Step 5: Production Configuration

For production environments, create a configuration class:

public class HudiConfig {
public static Map<String, String> getProductionConfig() {
Map<String, String> config = new HashMap<>();
// AWS S3 Configuration
config.put("hoodie.datasource.write.storage.type", "COPY_ON_WRITE");
config.put("hoodie.datasource.hive_sync.database", "production_db");
config.put("hoodie.datasource.hive_sync.table", "user_profiles");
config.put("hoodie.datasource.hive_sync.enable", "true");
// Performance tuning
config.put("hoodie.parquet.max.file.size", "134217728"); // 128MB
config.put("hoodie.parquet.block.size", "134217728"); // 128MB
config.put("hoodie.parquet.page.size", "1048576"); // 1MB
// Compression
config.put("hoodie.parquet.compression.codec", "gzip");
// Cleaner configuration
config.put("hoodie.cleaner.fileversions.retained", "3");
config.put("hoodie.cleaner.commits.retained", "10");
return config;
}
public static Map<String, String> getAWSS3Config(String bucket, String region) {
Map<String, String> config = new HashMap<>();
config.put("fs.s3a.access.key", "your-access-key");
config.put("fs.s3a.secret.key", "your-secret-key");
config.put("fs.s3a.endpoint", "s3." + region + ".amazonaws.com");
config.put("fs.s3a.region", region);
config.put("hoodie.base.path", "s3a://" + bucket + "/hudi-tables/");
return config;
}
}

Running the Application

Ensure you have Spark installed or run in local mode
Compile and run the application:

   mvn clean compile exec:java -Dexec.mainClass="HudiUpsertApplication"

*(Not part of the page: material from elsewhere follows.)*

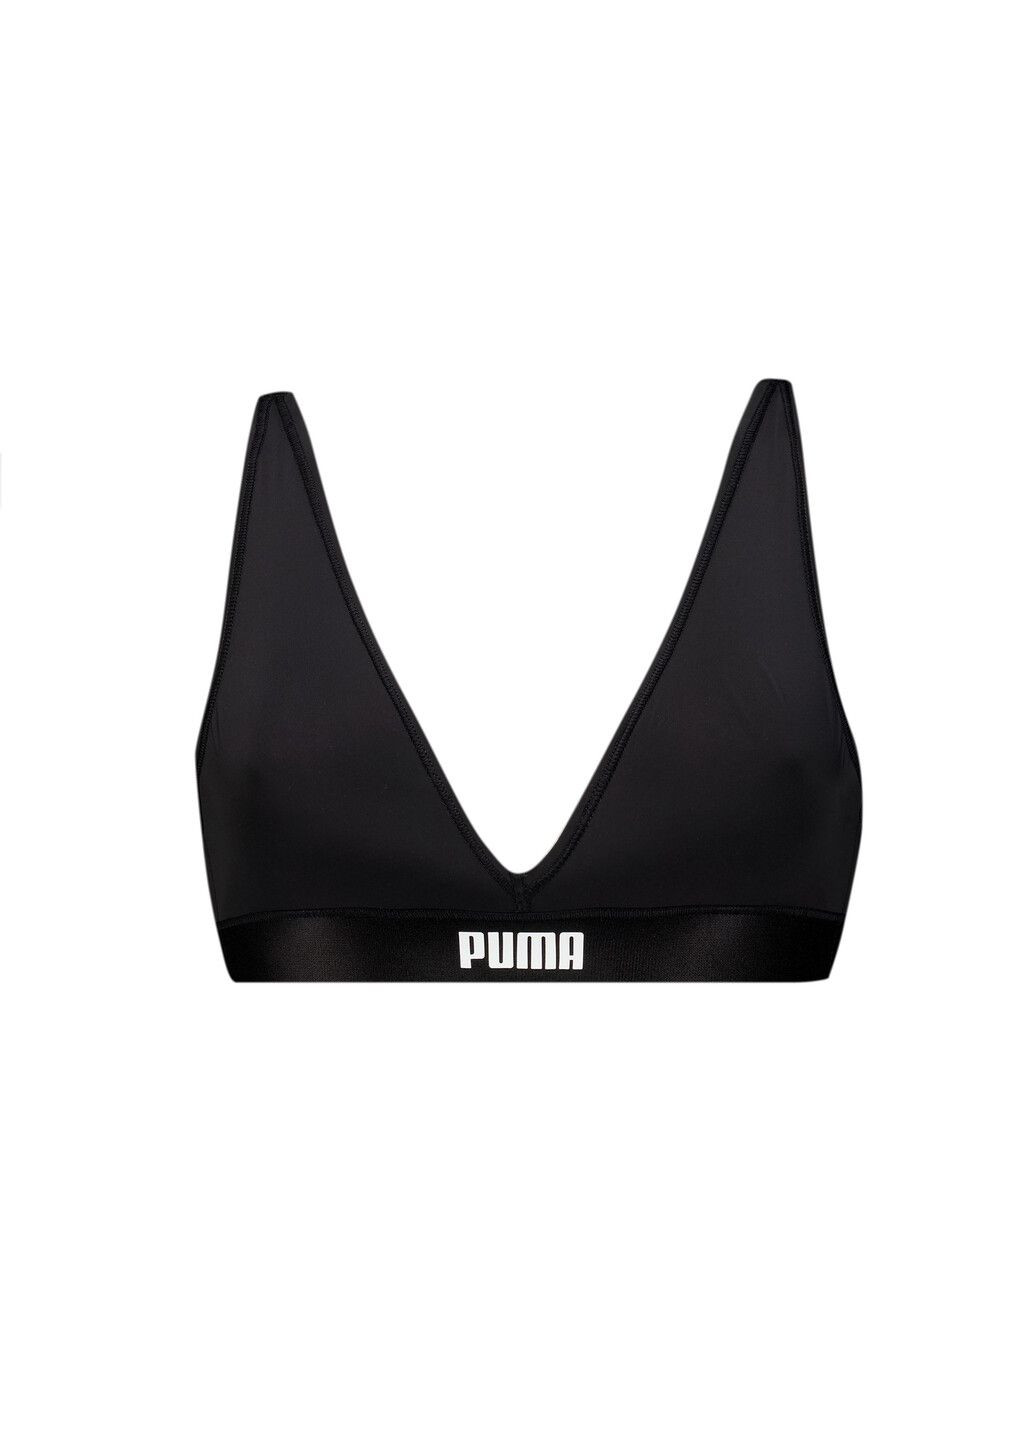 Чёрный топ women's short top Puma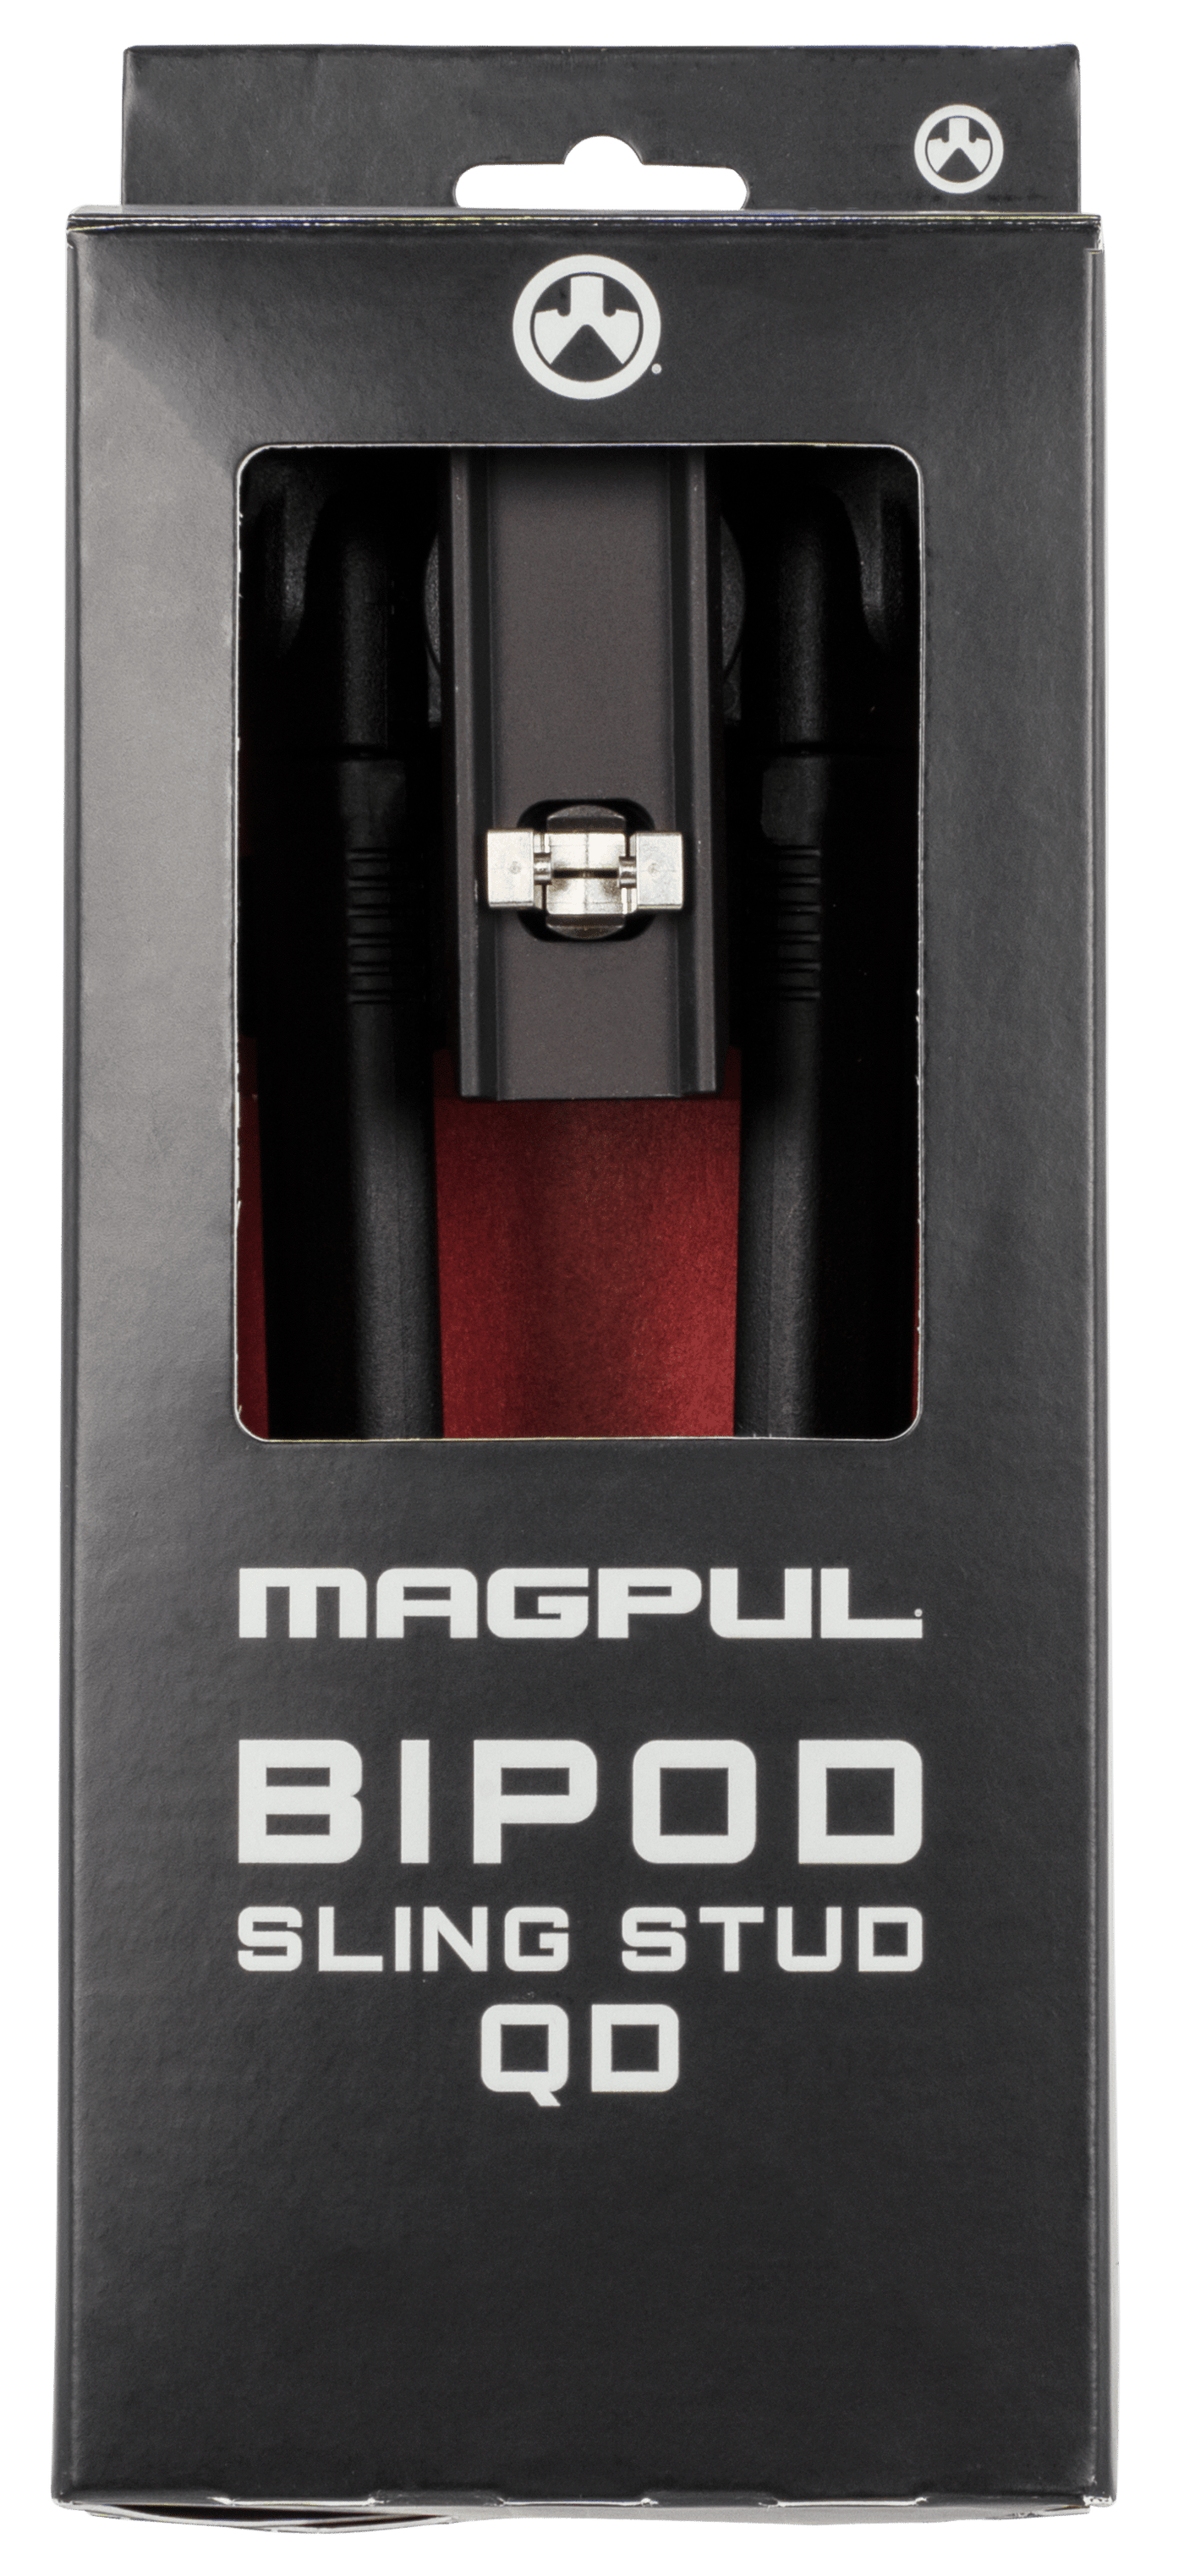 MAGPUL INDUSTRIES CORP Magpul Bipod Sling Stud Qd Black Firearm Accessories

Observe the output showing:

Initial table creation
Upsert operations (updates and inserts)
Delete operations
Table state after each operation

Production Best Practices

1. Table Type Selection

// For read-heavy workloads
options.put(DataSourceWriteOptions.TABLE_TYPE().key(), "COPY_ON_WRITE");
// For write-heavy workloads with frequent updates
options.put(DataSourceWriteOptions.TABLE_TYPE().key(), "MERGE_ON_READ");

2. Partitioning Strategy

// Partition by date for time-series data
options.put(DataSourceWriteOptions.PARTITIONPATH_FIELD().key(), "createdDate");
options.put(DataSourceWriteOptions.KEYGENERATOR_CLASS_NAME().key(), 
"org.apache.hudi.keygen.SimpleKeyGenerator");
// Multi-level partitioning
options.put(DataSourceWriteOptions.PARTITIONPATH_FIELD().key(), "region,country");

3. Optimized Upserts with Indexing

// Enable Bloom filter indexing for faster upserts
options.put("hoodie.bloom.index.update.partition.path", "true");
options.put("hoodie.bloom.index.bucketized.checking", "true");
options.put("hoodie.bloom.index.prune.by.ranges", "true");

4. Monitoring and Metrics

// Enable metrics collection
options.put("hoodie.metrics.on", "true");
options.put("hoodie.metrics.reporter.type", "GRAPHITE");
options.put("hoodie.metrics.graphite.host", "localhost");
options.put("hoodie.metrics.graphite.port", "2003");

Use Cases for Hudi Upserts

CDC Pipelines: Replicate database changes to data lakes
GDPR Compliance: Handle right-to-be-forgotten requests
Real-time Analytics: Maintain up-to-date dimension tables
Data Deduplication: Remove duplicates during ingestion
Machine Learning: Update feature stores with latest data

Conclusion

Apache Hudi revolutionizes data lake management by bringing database-like upsert capabilities to massive-scale data storage. With Java and Spark integration, you can:

Handle real-time updates and deletes efficiently
Maintain ACID compliance in data lake environments
Enable incremental processing pipelines
Scale to petabytes while supporting frequent updates
Integrate with modern query engines and cloud platforms

By implementing Hudi with proper configuration and best practices, you can build robust, scalable data lakes that support both batch and real-time use cases while maintaining data quality and consistency.